Data2Text: Automated Text Generation from Structured Data

Established: September 1, 2016

The Data2Text (or Data-to-Text) project aims to automatically generate fluent and fact-based descriptions or utterances given data tables. Typical business applications for text generation include the generation of financial and sports news stories, the generation of product descriptions, the analysis and interpretation of business data, and the analysis and interpretation of Internet of Things data, etc. See below for a few Data2Text applications.

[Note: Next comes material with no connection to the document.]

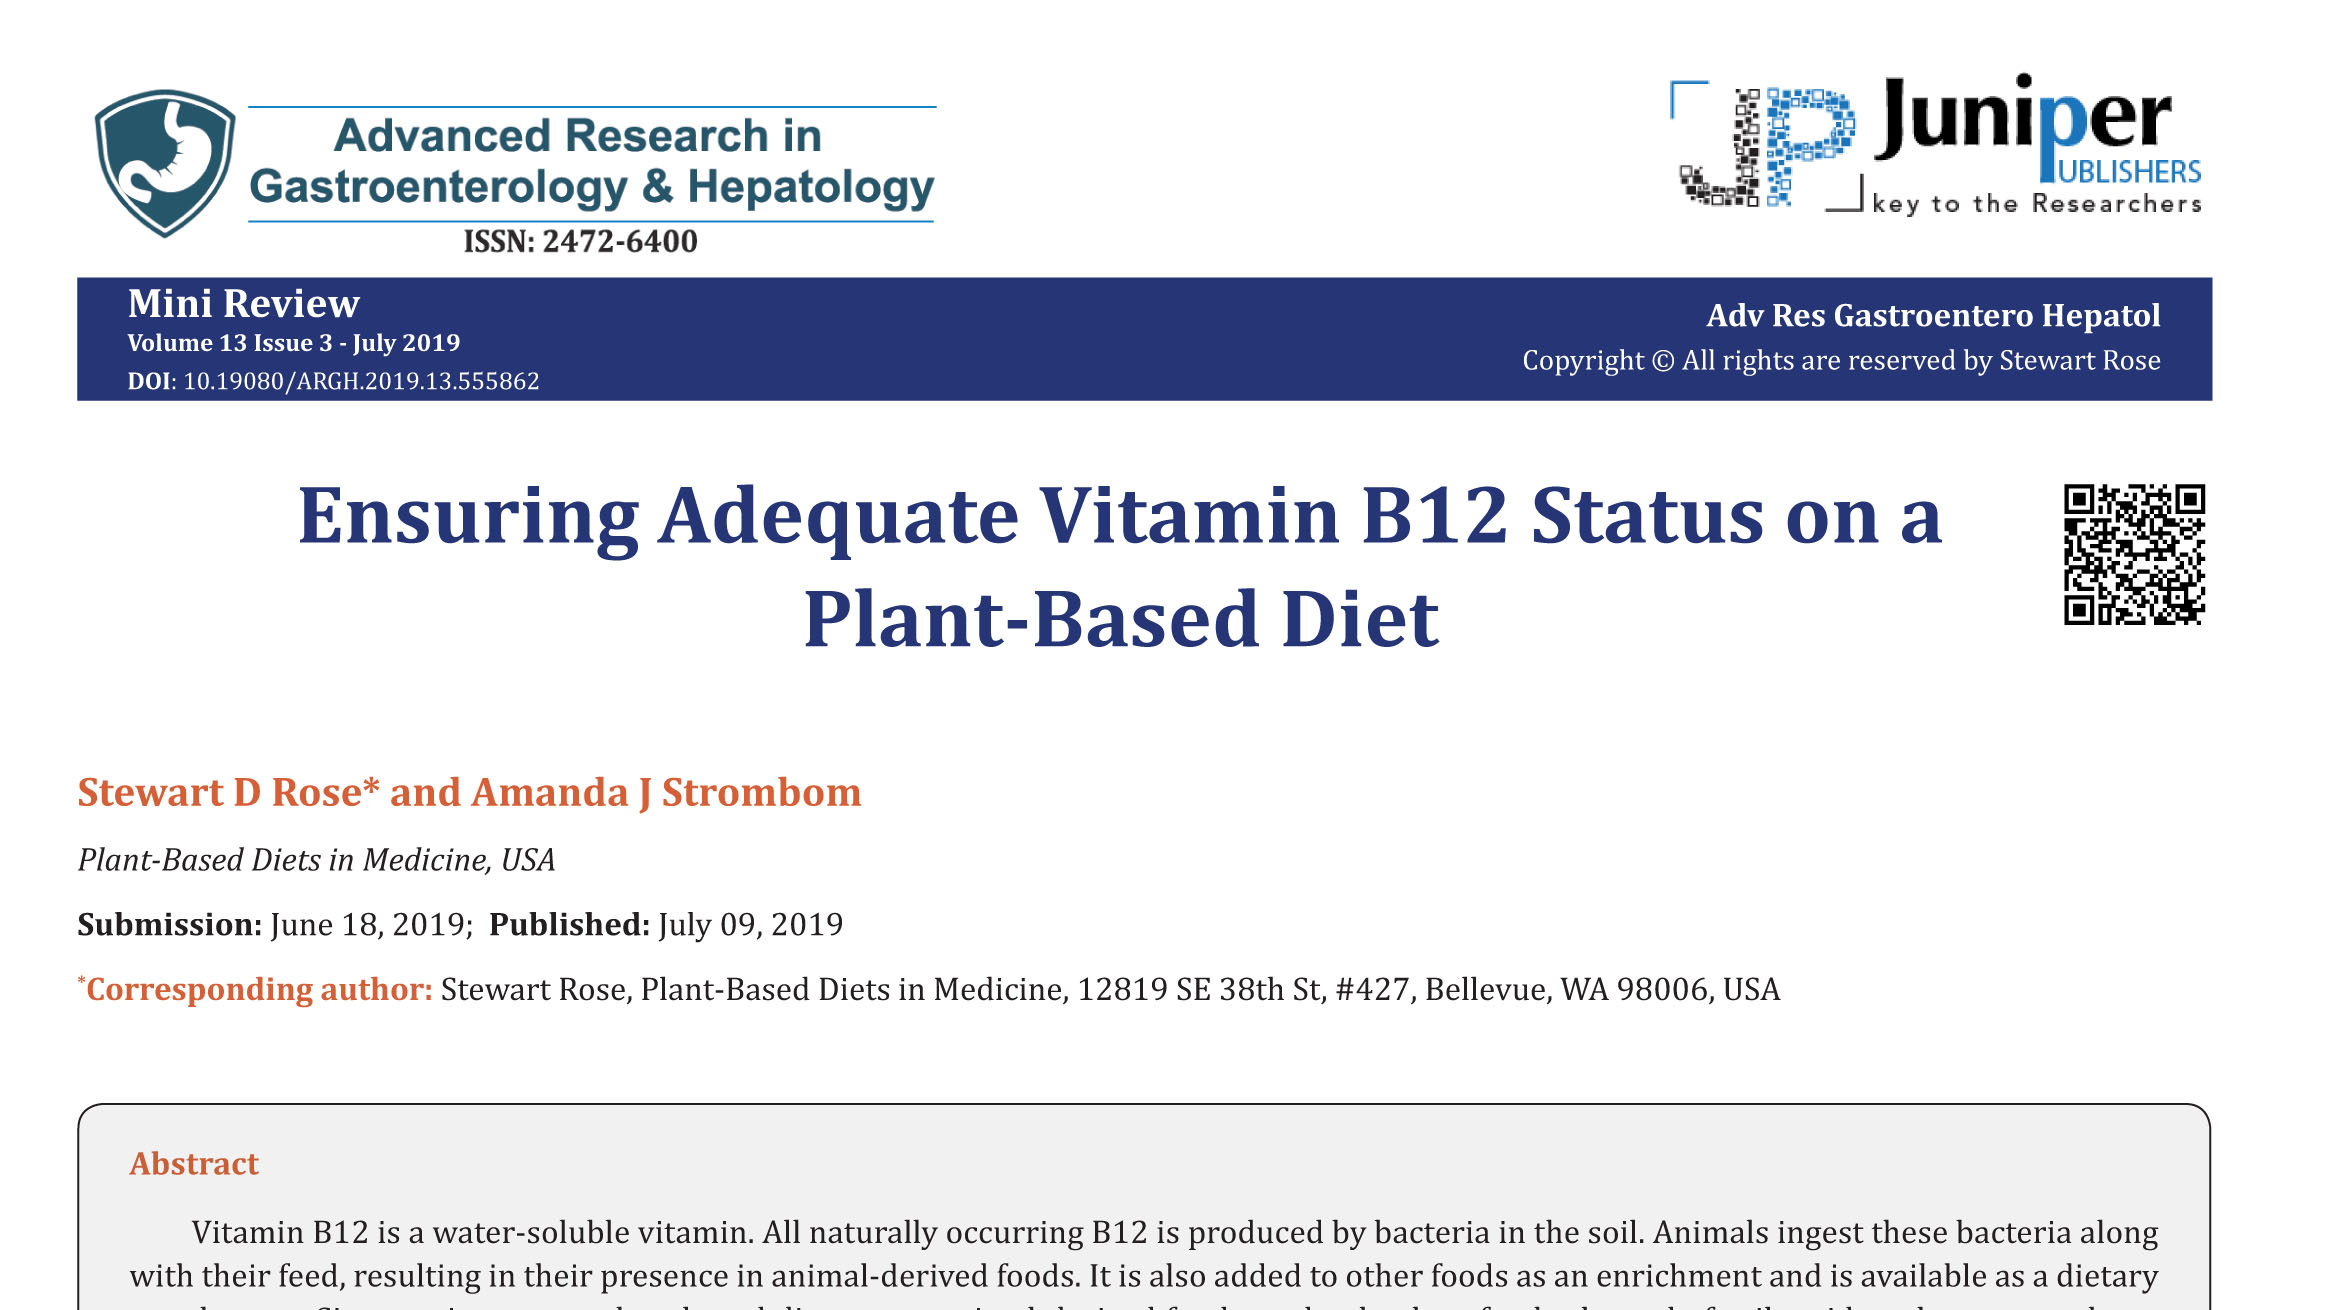 Ensuring Adequate Vitamin B12 Status on a Plant-Based Diet

Product Description Generation graphical user interface, application

Writing Assistant

Fact-based QA

Fact-based Conversation

Analytic Narrative Generation graphical user interface, application, Word

The mainstream methods of data-to-text generation include rule-based, template-based approaches and neural network-based approaches. Rule-based and template-based approaches are the mainstream approaches in the relevant applications, as they are clearly interpretable and controllable, making it easier to ensure the correctness of the generated text contents. However, how to create rules and extract high-quality templates require labor-intensive manual feature engineering. On the contrary, the neural network-based models are mainly data-driven, do not need too much human intervention, and can easily produce rich and smooth text description. However, users often can not directly manipulate the content generation and it is difficult to ensure that generated texts are faithful to their input data.

Fact-based Data-to-Text Generation

The Data2Text project aims to develop automated high-fidelity data-to-text generation technologies to address the shortcomings of template-based and the neural network-based approaches.